# Battery backpack sprayer question.



## knoble (Dec 8, 2021)

Does anyone have any input on these battery backpack sprayers? I am have looking to buy one, because my Marayuma MS40QCB sprayer quit working it was a good sprayer, but I didn't like the way the handle (trigger) worked. I would accidentally engage the lock function and it would keep spraying when I let go of the trigger. Which is not cool, if you're spraying weeds around landscaping plants. The ones I am interested in, is the Flowzone Typhoon 2.5, 4sons M4, and the Tomahawk eTPS18. If anyone has used these or know of them, tell me what you think.


----------



## 10upn2down (Dec 11, 2021)

I purchased the 4 gallon Lowes Kobalt backpack sprayer.
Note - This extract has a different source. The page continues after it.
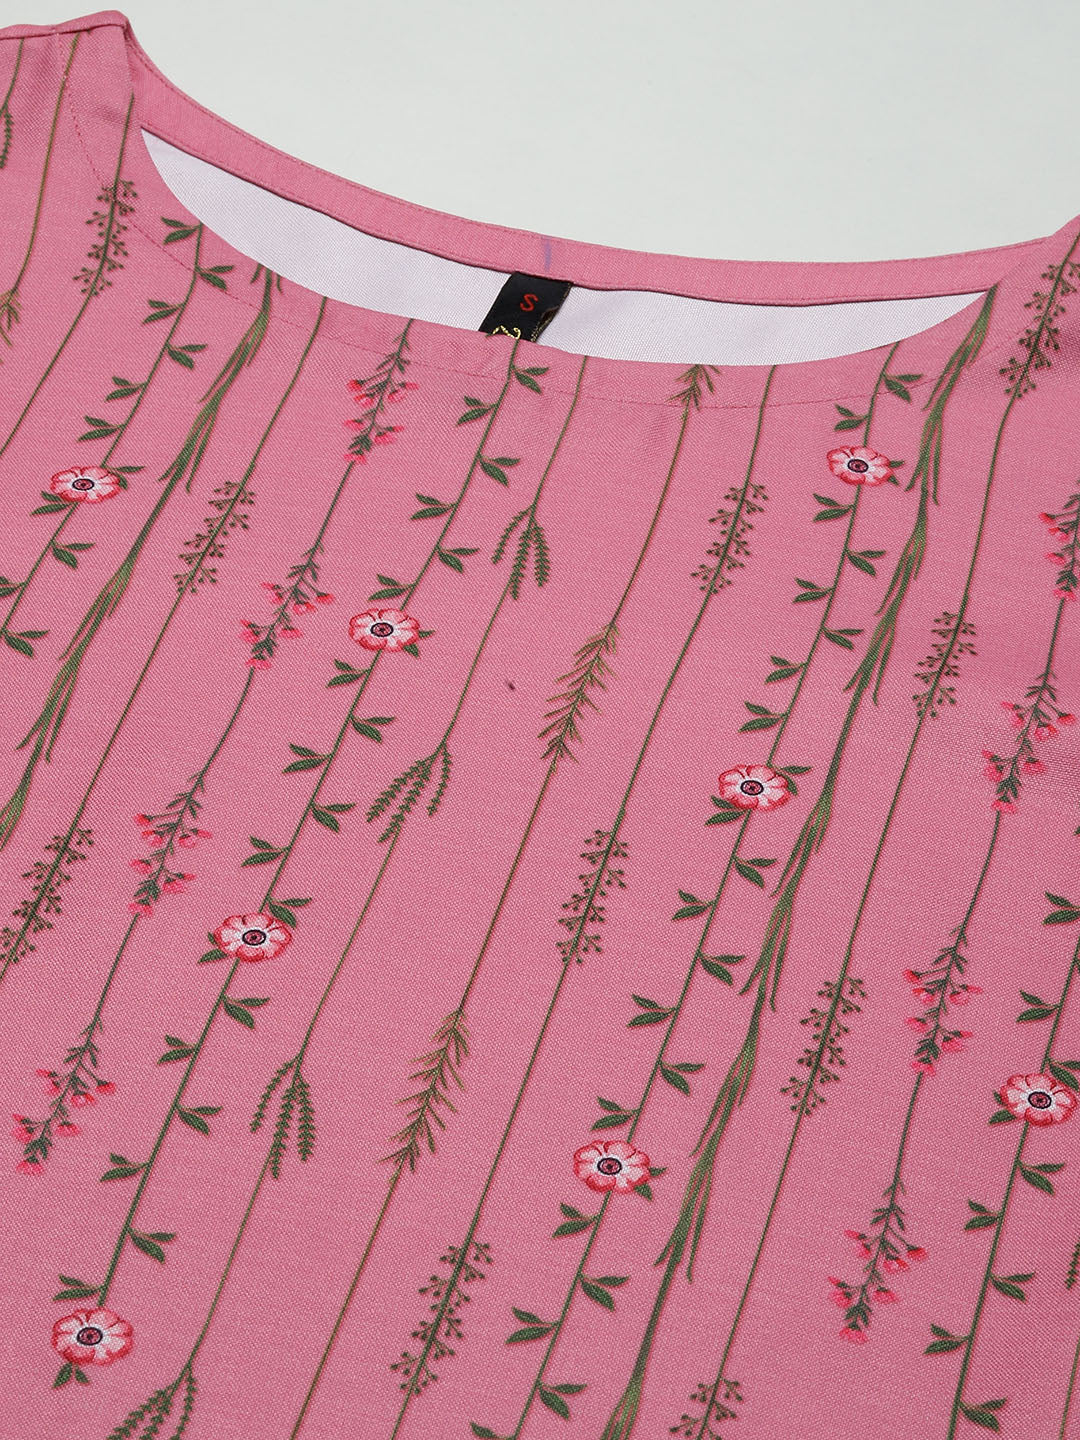 Women's Pink Color Digital Printed Straight Kurta And Pant Set - Ziyaa

It has the agitator, good pump and sturdy frame. I use it on my 007 Super bent grass green and fairway at my house. The battery life will push several tanks, easy to clean and batteries easily charge. The spray wand is OK, I did upgrade to a Teejet setup only because I wanted a wand with a more ridged feel.


----------



## knoble (Dec 8, 2021)

I have a lot of Kobalt tools and I like them. I didn't know they made a sprayer. I'll check it out. Thanks.


----------



## BurtMacklinFBI (Jul 17, 2021)

Lots of good info on here about the Flowzone. I love mine. Added a DFW wand and dialed in my TeeJet tips for each type of application im doing. Zero complaints.


----------



## vancwa (Oct 28, 2021)

I use the My4Sons and really love it. Battery lasts forever. The only change I made was using the TeeJet quick change nozzle system. I'm sure the stock nozzles are fine but I was already using TeeJet on my other sprayers.


----------



## Herring (Sep 19, 2020)

I'm looking at the Flowzone and the My4Sons. For the pressure dials on these, do they say what pressure it's set at? If a nozzle is designed to be operated at a specific PSI I would want to try to match that.


----------



## GoDawgs (Jun 18, 2020)

I also have the M4S and like it. It does not have a pressure gauge on it. Only a dial to adjust the pressure. I added a gauge to my wand so I know where I'm at prior to spraying.


----------